Se rió pero no sé si llegó a entender la broma.
—Soy el carpintero del que el señor Robert
le ha hablado, por lo que tengo entendido.
—Así es. Pensé que me escribiría, no que
se presentaría en mi negocio.
—¿Hago mal? –Me preguntó pero yo negué con
el rostro—. Supongo que ya le ha informado de que parte de mi trabajo consiste
en hacer algunos puestos de…
—Sí, me ha informado. ¿Tiene ahí los
presupuestos? –Le pregunté señalando con la mirada la carpeta que traía debajo
del brazo. Asintió y me los mostró. Junto con los presupuesto venían unos
bocetos de cada tipo de puesto en que había trabajado. Los precios me
parecieron sutilmente elevados pero no exageradamente.
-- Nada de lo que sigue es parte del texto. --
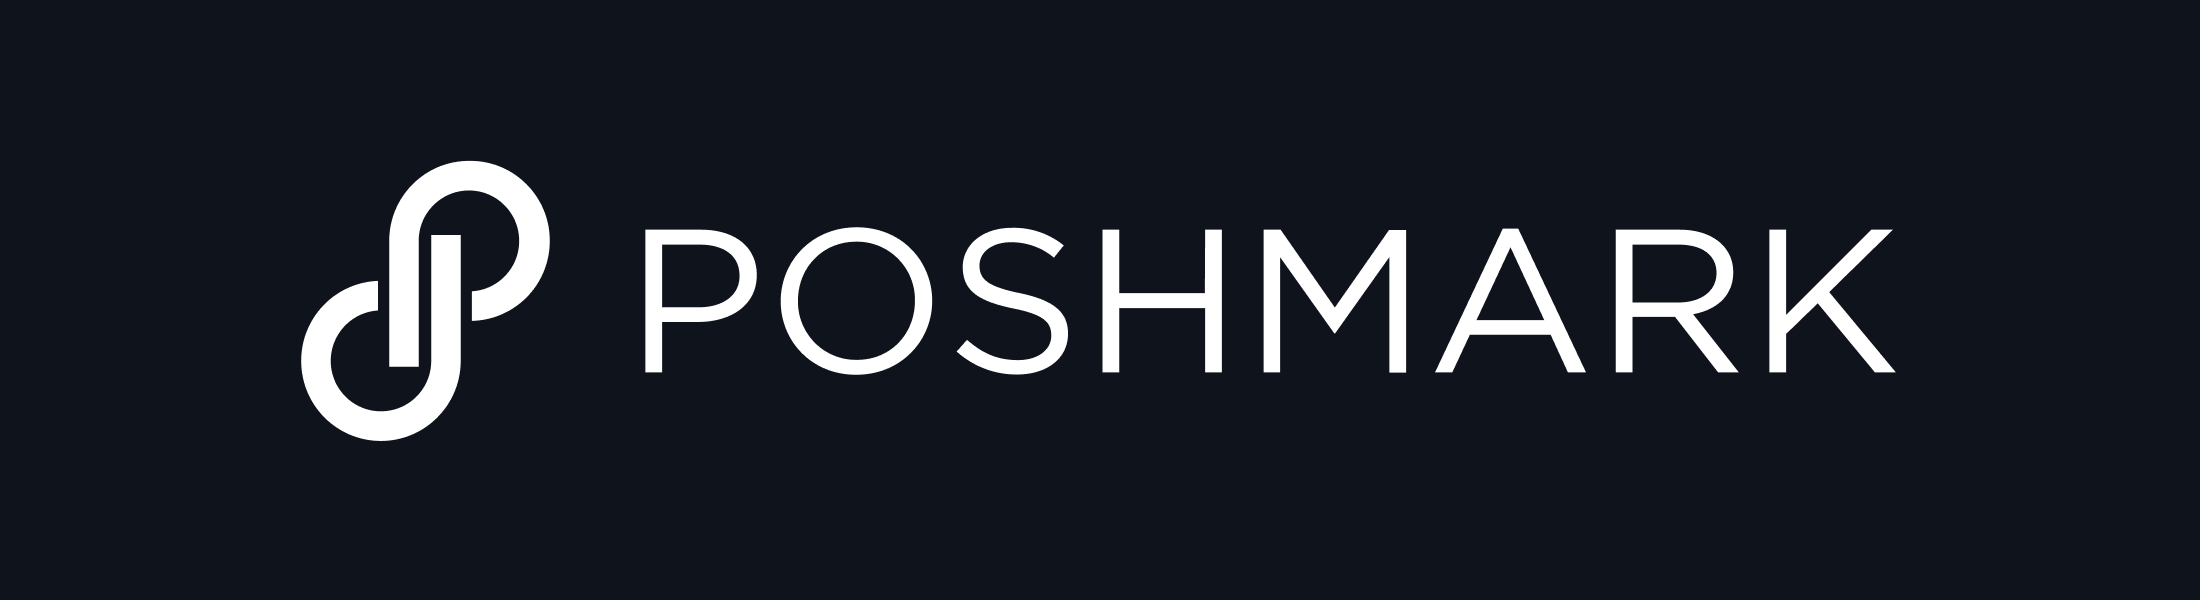 logo-Poshmark-case-studies

Uno de los más simples
consistía en una plataforma como mostrador y dos vigas a cada lado, de forma
que el techo se cubría con una lona o tejido. No era tan elaborado como los que
tenían una parte interior con todos los laterales cubiertos de lona, pero no le
vi nada malo. El hombre se fijó en que yo había posado mi atención sobre aquel
puesto.
—¿Son figurillas lo que va a vender?
Entonces no necesita nada más. No es como si tuviese bandejas enteras de dulces
o ristras de chorizos que hubiera que colgar. ¿Ya ha conseguido el permiso en
el ayuntamiento?
—Nos falta rellenar la documentación
descriptiva del puesto, y dado que aún no sabía si lo conseguiría, lo hemos
dejado aún suspendido.
—Bien, pues ya puede empezar a rellenar el
formulario, si se ha decidido por este puesto.